2.2 Model Architecture

  • Base Architecture: MuRIL (BERT-based encoder).
  • Modification: Fine-tuned on the RESPIN corpus using Masked Language Modeling (MLM) objectives to align the vector space with the target distribution.

2.3 Evaluation Baselines

To provide a rigorous assessment of the model's efficacy, the following comparative baselines were utilized:

  • Base MuRIL (google/muril-base-cased): Used to quantify the net improvement (gain) achieved strictly through the fine-tuning process.
  • XLM-RoBERTa (xlm-roberta-base): Selected as the high-capacity multilingual baseline to evaluate zero-shot performance on low-resource languages.
  • Specialist Models (l3cube-pune): Monolingual models trained specifically on a single language. These represent the theoretical upper bound for performance in major languages.

3. Evaluation Datasets

Testing was conducted on a diverse suite of held-out evaluation sets to ensure validity. The evaluation suite includes:

  • Benchmark Testing (Legal): A high-complexity dataset comprising legal documents and bail applications (Available for HI, BN, TE, MR).
  • Samanantar: A general-domain parallel corpus utilized for translation benchmarks (Available for HI, BN, KN, TE, MR).
  • RESPIN (Held-Out): A specific split from the transcription corpus to test retention of the training distribution (Available for all languages).
  • Rural Women: A dialect-rich dataset utilized to test robustness in Bhojpuri (BH).
  • NanoBEIR: A retrieval benchmark dataset, cleaned for non-Devanagari artifacts, used for Maithili (MT) and Magahi (MAG).
  • Chhattisgarh TTS: A transcription dataset used for Chhattisgarhi (CH).
  • IISc-MILE: A speech transcription corpus used for Kannada (KN).

4. Empirical Results

The following table presents the Average Perplexity (PPL) scores across the test files for each language. Perplexity is defined as the exponential of the cross-entropy loss; lower values indicate superior predictive performance.

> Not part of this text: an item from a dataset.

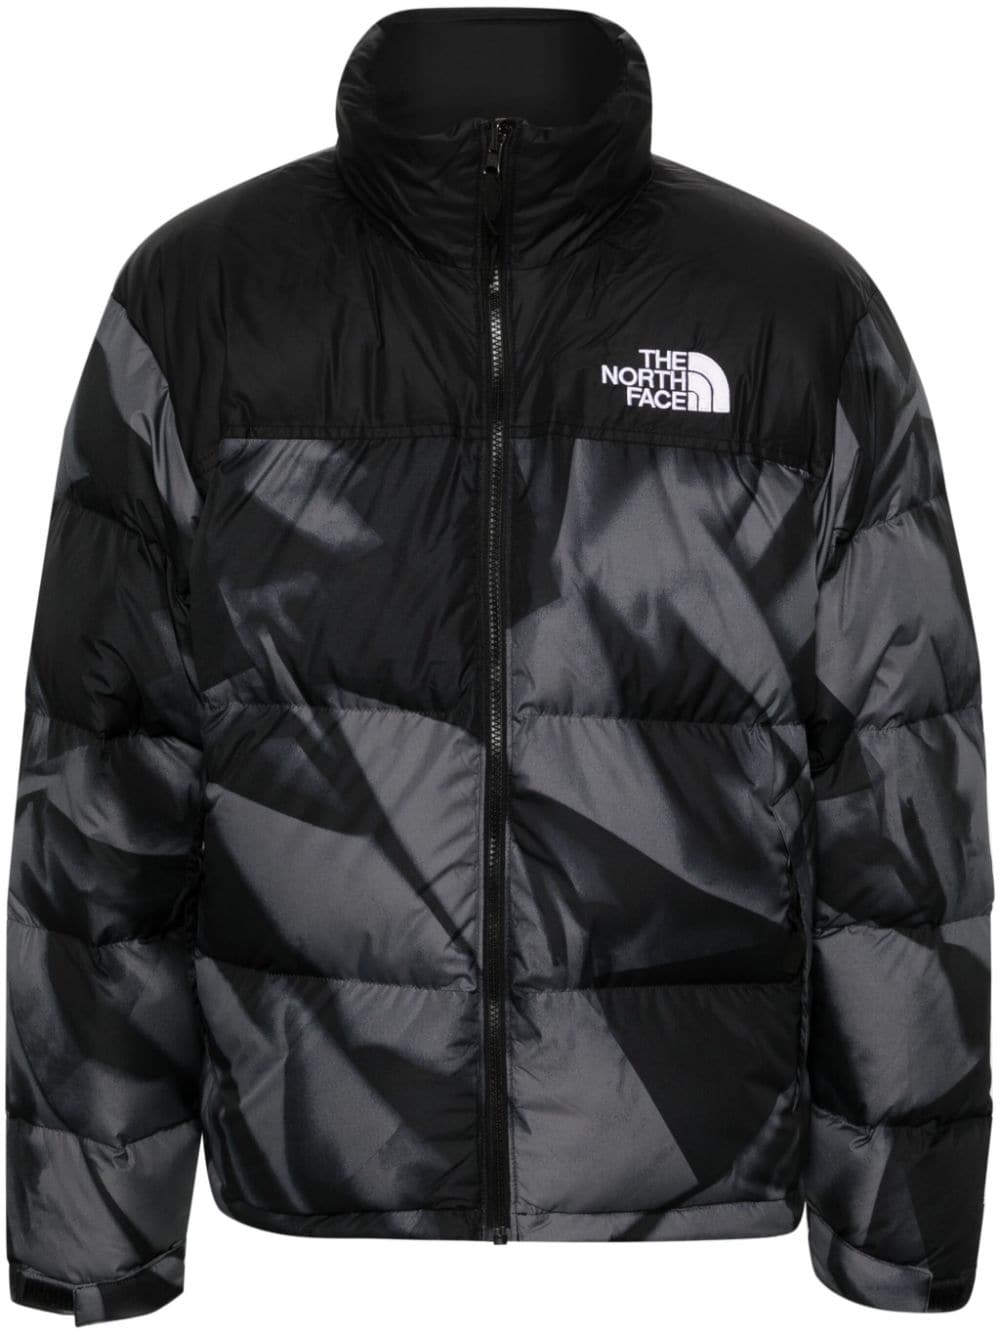 The North Face 1996 Retro Nuptse padded jacket - Black von The North Face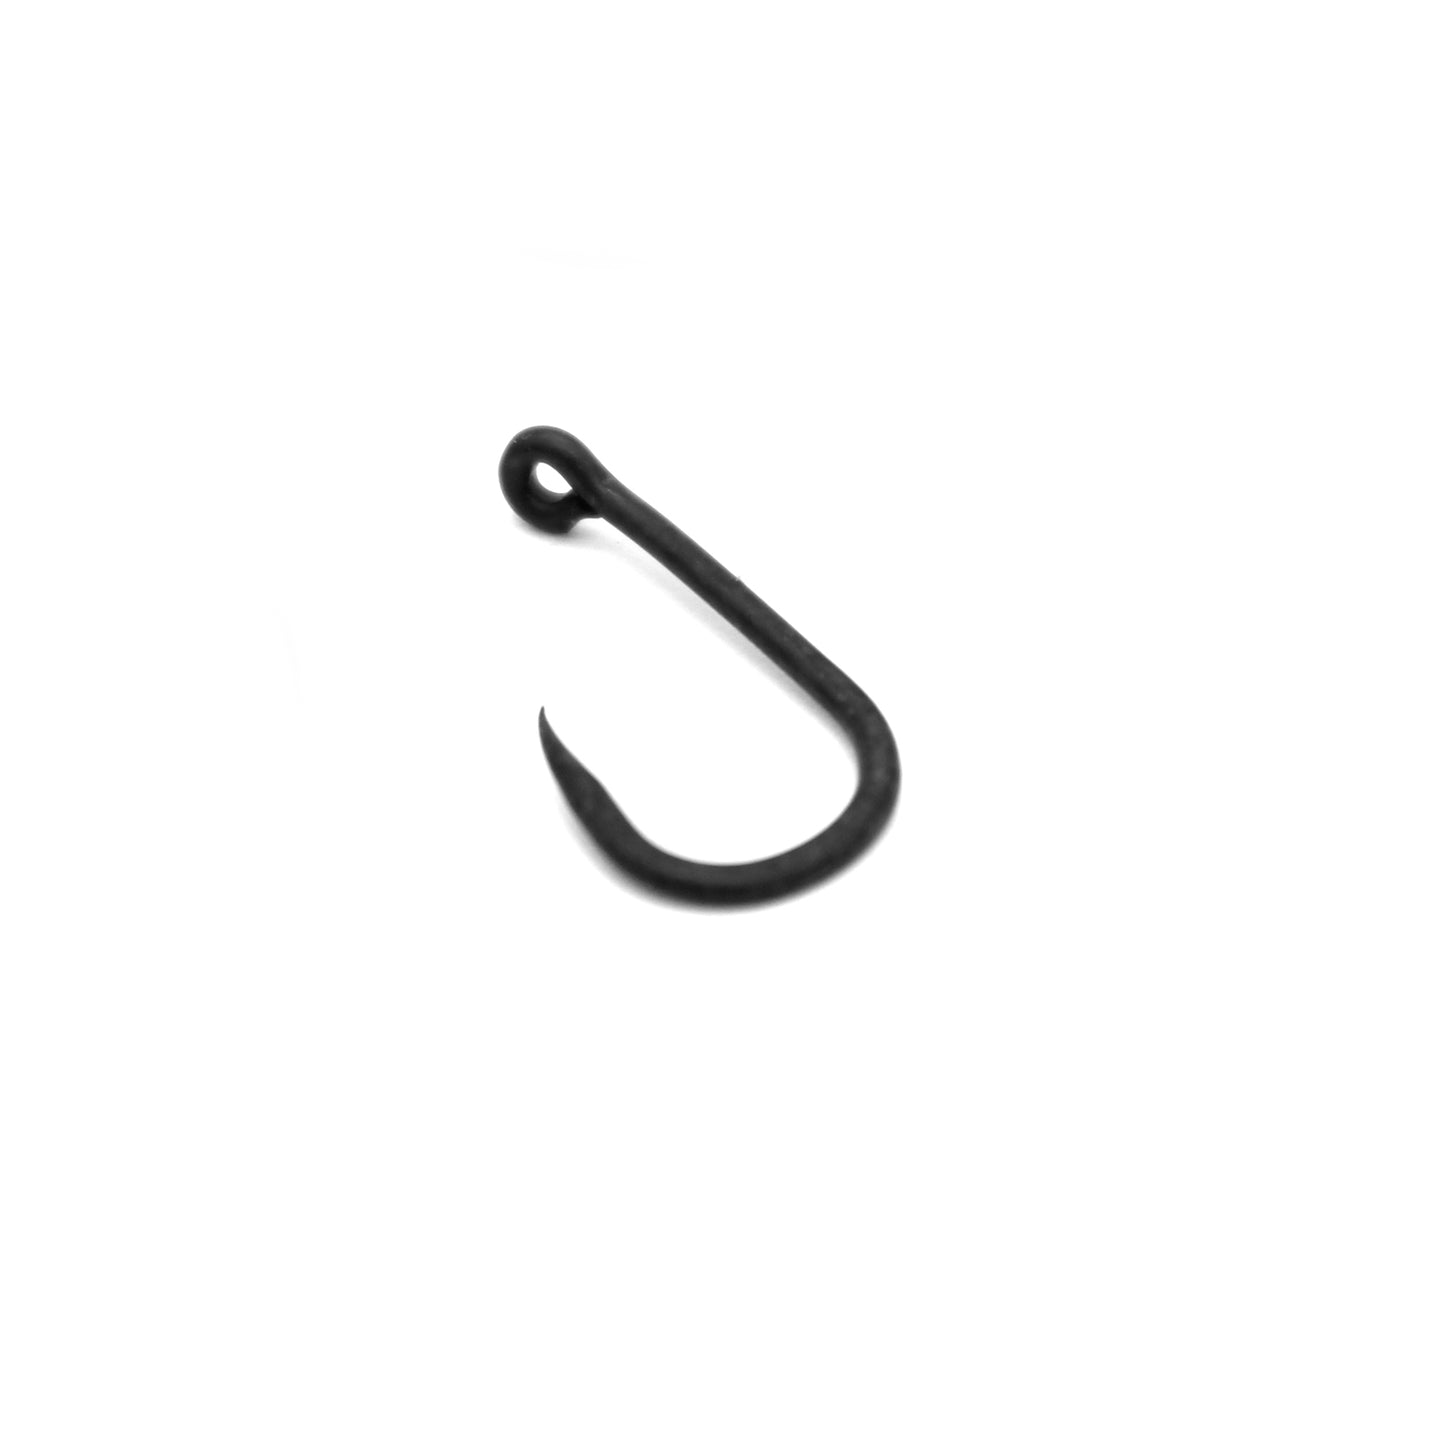 Deception Angling TWG Barbless Fishing Hook

Table 1: Comparative Average Perplexity (Lower is Better)

Language Code Language Base MuRIL Fine-Tuned MuRIL (Ours) XLM-RoBERTa Specialist Model (L3Cube)
CH Chhattisgarhi 764.36 21.73 169.96 N/A
MAG Magahi 279.29 34.35 67.77 N/A
BH Bhojpuri 444.35 116.41 122.09 N/A
MT Maithili 598.79 141.09 90.83 N/A
HI Hindi 27.58 15.86 10.29 N/A
TE Telugu 62.98 15.41 12.07 7.43
MR Marathi 85.71 25.20 17.71 19.26
KN Kannada 172.59 28.87 15.85 13.23
BN Bengali 92.62 207.80 15.96 33.43

5. Analysis and Conclusion

5.1 Performance on Low-Resource Languages

The most significant observation is the model's performance on extremely low-resource languages (Chhattisgarhi, Magahi, Bhojpuri), where standard multilingual models typically fail.

  • Chhattisgarhi (CH): The Base MuRIL model exhibited a perplexity of 764.36, indicating a lack of comprehension. The Fine-Tuned model reduced this drastically to 21.73, outperforming the much larger XLM-R (169.96) by an order of magnitude.
  • Magahi (MAG): The Fine-Tuned model achieved a perplexity of 34.35, surpassing both the Base MuRIL (279.29) and the XLM-R baseline (67.77).
  • Bhojpuri (BH): The model demonstrated superior robustness, achieving a score of 116.41, edging out XLM-R (122.09) and vastly improving upon the Base MuRIL (444.35).

This validates the efficacy of the RESPIN dataset for adapting encoders to under-represented Indic dialects.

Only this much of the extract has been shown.